In uncomplicated pregnancies, it was determined that the median afamin concentration, which was approximately 61.9 mg/L in the first trimester, increased to 98.6 mg/L in the third trimester and decreased to 54.6 mg/L after delivery [Citation10]. To evaluate the source of the linear increase in maternal serum afamin concentration in uncomplicated pregnancies, afamin expression in the placenta was investigated but afamin expression could not be demonstrated in both the first trimester and term placenta [Citation10]. Although the reason for the increase in maternal serum afamin concentration during pregnancy has not been clearly revealed, it is thought that the change in the hormonal status of the expectant mother stimulates the expression of the afamin gene in the liver. This increase may also be thought of as an effect of hormonal regulation (estrogen-induced) of hepatic synthesis of lipids and lipoproteins, which leads to physiological hyperlipidemia during pregnancy [Citation12].

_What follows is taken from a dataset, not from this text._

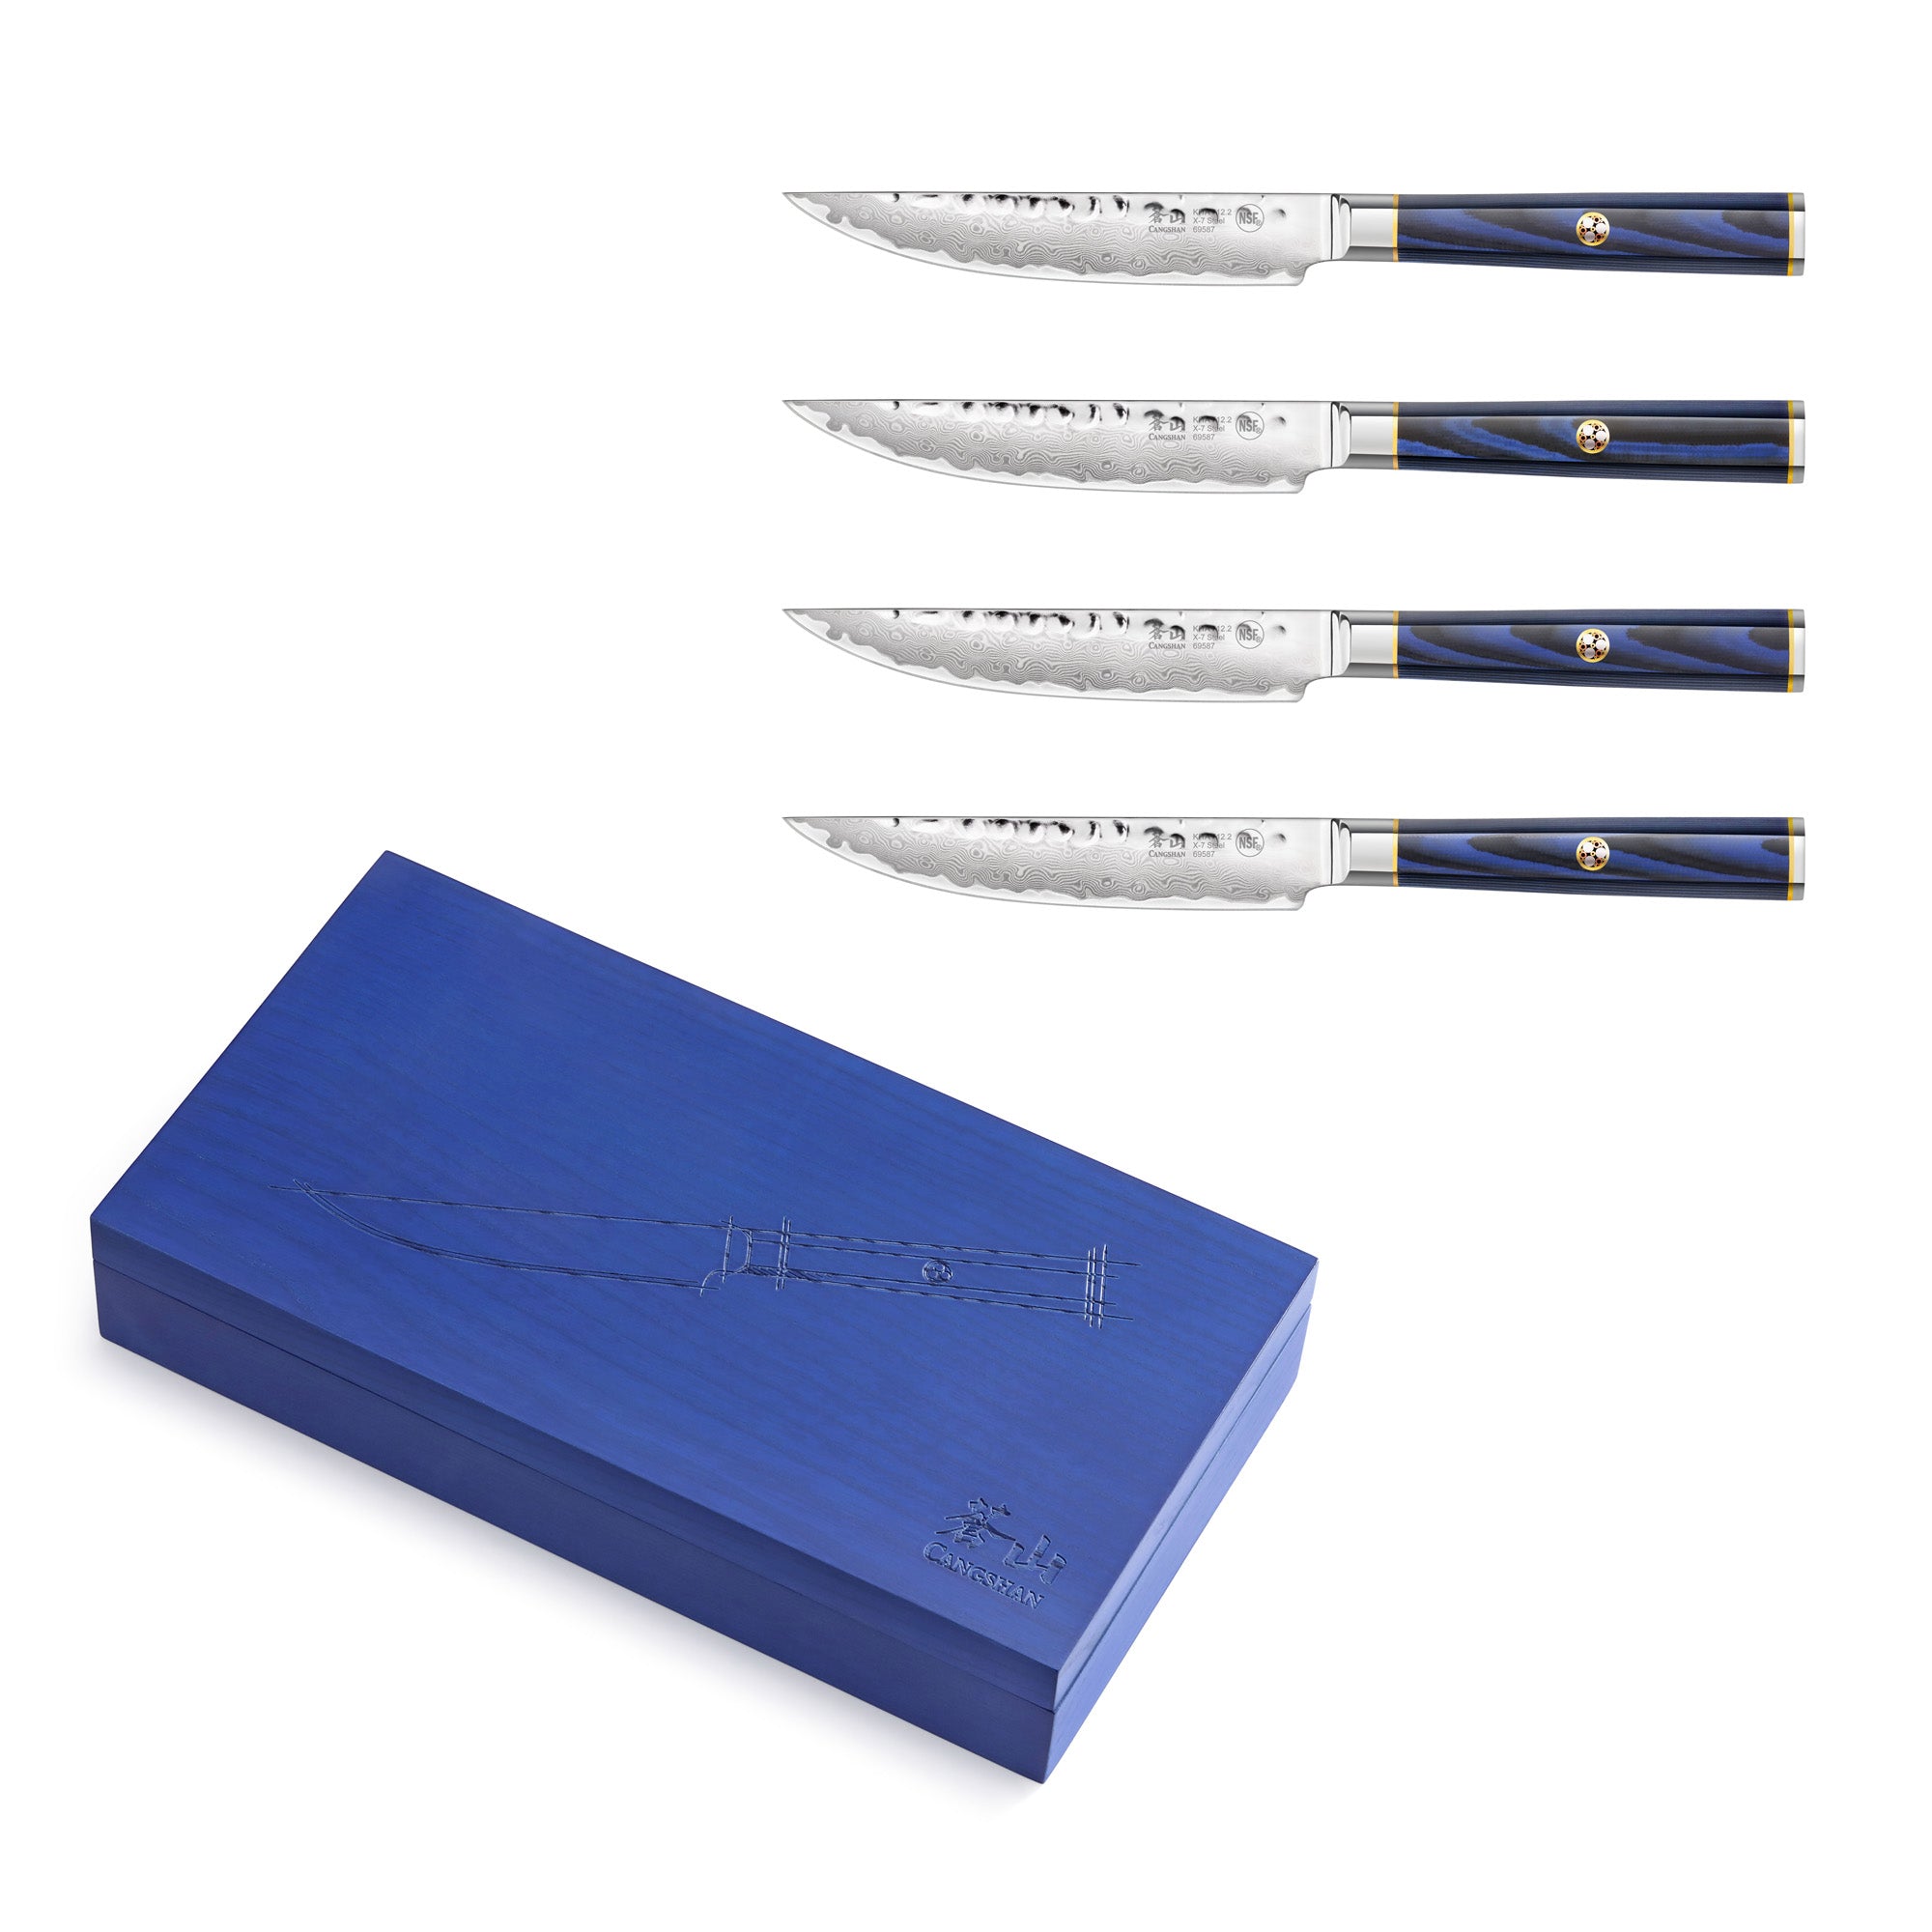 Cangshan KITA 4-piece Steak Knife Set, Ash Box

Some studies in the literature have shown that serum afamin is strongly associated with metabolic syndrome parameters such as high BMI, glucose intolerance, dyslipidemia, and hypertension [Citation13]. In light of this information, researchers began to investigate the relationship between afamin and pregnancy-related diseases. Köninger et al. compared the first-trimester maternal serum afamin concentration in the group that developed preeclampsia (PE) during pregnancy and in normal healthy pregnant women. The median serum afamin concentration in the first trimester was found to be significantly higher in the group that developed PE compared to the control group (101.81 mg/L, 86.40 mg/L, respectively) [Citation14]. In a different study, second-trimester maternal serum afamin concentration was evaluated in the prediction of PE. Second-trimester median maternal serum afamin concentration was found to be significantly higher in the group that developed PE in late pregnancy compared to the control group (145.3 ng/mL, 46.9 ng/mL, respectively) [Citation15].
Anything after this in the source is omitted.